Researchers have found that a single dose of a particular human antibody can successfully prevent death in mice who have been infected with the Zika virus. Moreover, the antibody protected mouse fetuses from the effects of Zika. The research, published in the November 7th Nature journal, could represent a breakthrough in the fight against Zika.
When a mother is infected with the Zika virus, babies infected in utero can develop microcephaly – an abnormally small head. Zika had spread across Brazil, Central America, and Mexico by the start of 2016, spreading to parts of the United States over the summer. In places such as Brazil, the virus left behind a trail of devastation, with thousands of babies diagnosed with microcephaly there by June of 2016. Many of the children born with microcephaly have developed respiratory problems as a result of Zika. Some of these respiratory issues have proven fatal.
On Monday, researchers from the Washington University School of Medicine in St. Louis and Vanderbilt University School of Medicine published their research showing that a human antibody, called ZIKV-117, prevents the transfer of the virus to fetuses in mice.
Michael Diamond, MD, PhD, and one of the study’s senior authors, explained “This is the first antiviral that has been shown to work in pregnancy to protect developing fetuses from Zika virus. This is proof of principle that Zika virus during pregnancy is treatable, and we already have a human antibody that treats it, at least in mice.”
The researchers, including Diamond and co-senior author James Crowe Jr., MD, of Vanderbilt, screened 28 antibodies from people who had been infected with Zika and recovered successfully. One of these antibodies, ZIKV-117, neutralized all five Zika strains in the lab setting. The researchers also gave the antibody to pregnant mice – some one day before, and some one day after they were infected with the Zika virus. In both scenarios, the antibody reduced levels of Zika in the pregnant mice and in their fetuses.
“These naturally occurring antibodies isolated from humans represent the first medical intervention that prevents Zika infection and damage to fetuses,” Crowe explained.

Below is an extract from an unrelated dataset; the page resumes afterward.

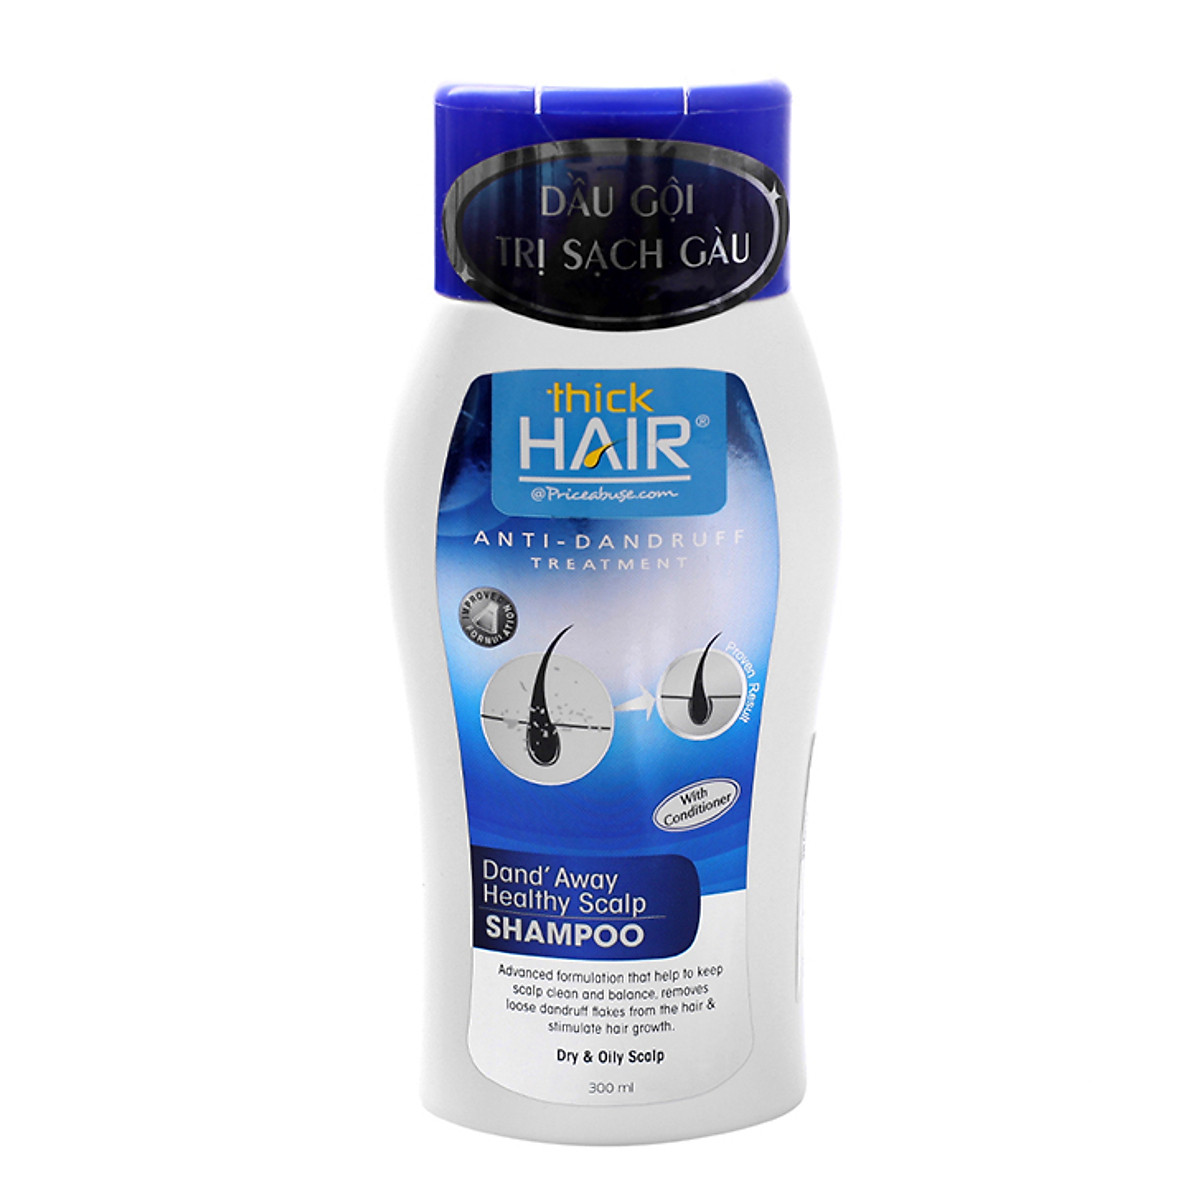 Mua Dầu Gội Hỗ Trợ Trị Gàu Thick Hair Anti-Dandruff Treatment Dand' Away  Healthy Scalp Shampoo - 0240 (300ml)
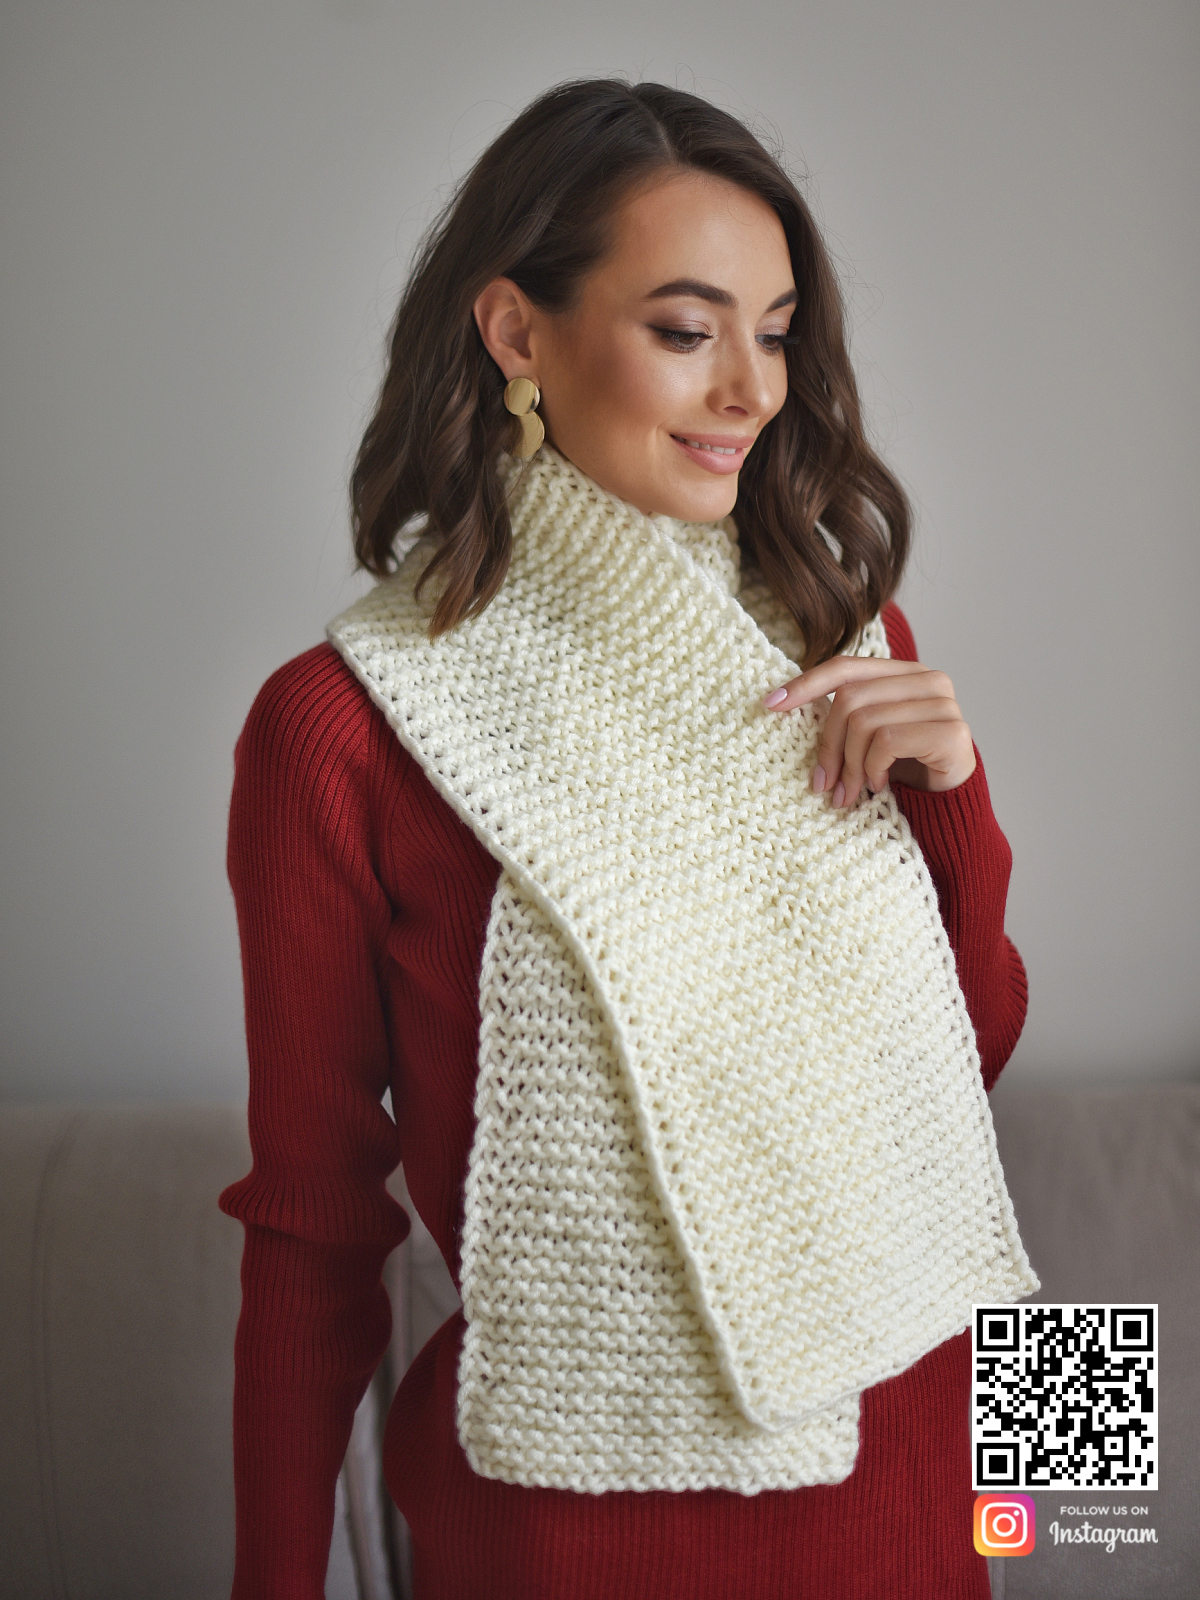 На четвертой фотографии готовый вязаный белый шарф в интернет-магазине Shapar, бренда трикотажа и связанной одежды ручной работы.

Placentas from the treated female mice also appeared to be healthy, while those from untreated females showed damage to the placental structure. This damage can slow fetal growth and lead to fetal death, both of which are associated with the Zika virus in humans.
Further research which show how successful this antibody will be in creating a treatment or vaccine.
“We know that Zika can persist in certain parts of the body, such as the eyes and the testes, where it can cause long-term damage, at least in mice. We showed that the antibody can prevent disease, and now we want to know whether it can clear persistent infection from those parts of the body.”